TASK GOAL:
Only the number is needed: count the lines below that hold the string "King".

EXTRACTED DATA:
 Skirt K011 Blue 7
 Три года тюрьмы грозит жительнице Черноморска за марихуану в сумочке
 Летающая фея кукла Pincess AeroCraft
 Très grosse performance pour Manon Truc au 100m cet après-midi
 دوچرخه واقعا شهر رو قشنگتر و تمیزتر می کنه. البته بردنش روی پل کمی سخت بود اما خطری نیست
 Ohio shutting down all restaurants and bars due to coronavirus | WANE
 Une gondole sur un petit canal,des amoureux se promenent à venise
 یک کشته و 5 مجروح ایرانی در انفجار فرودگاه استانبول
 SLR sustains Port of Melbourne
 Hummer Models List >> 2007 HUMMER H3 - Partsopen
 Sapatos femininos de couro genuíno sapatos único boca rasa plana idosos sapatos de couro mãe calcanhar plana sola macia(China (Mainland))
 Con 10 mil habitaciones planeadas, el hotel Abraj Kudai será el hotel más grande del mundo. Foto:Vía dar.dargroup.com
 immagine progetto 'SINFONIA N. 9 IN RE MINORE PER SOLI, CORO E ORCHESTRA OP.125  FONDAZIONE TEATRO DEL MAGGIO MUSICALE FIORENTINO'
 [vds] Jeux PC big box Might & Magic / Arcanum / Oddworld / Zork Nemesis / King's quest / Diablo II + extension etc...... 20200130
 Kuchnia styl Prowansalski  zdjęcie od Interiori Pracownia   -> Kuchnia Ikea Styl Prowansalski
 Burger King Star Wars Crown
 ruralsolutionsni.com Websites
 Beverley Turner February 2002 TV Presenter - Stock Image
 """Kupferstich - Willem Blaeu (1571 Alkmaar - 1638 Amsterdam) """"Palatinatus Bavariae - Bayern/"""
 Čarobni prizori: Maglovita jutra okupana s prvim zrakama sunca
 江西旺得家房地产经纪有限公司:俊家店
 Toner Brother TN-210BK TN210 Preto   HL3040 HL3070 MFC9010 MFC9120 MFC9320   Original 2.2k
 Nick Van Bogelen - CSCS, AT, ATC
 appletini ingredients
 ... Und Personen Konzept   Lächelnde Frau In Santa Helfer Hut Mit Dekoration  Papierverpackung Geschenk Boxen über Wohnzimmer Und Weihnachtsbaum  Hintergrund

PROBLEM SOLUTION:
2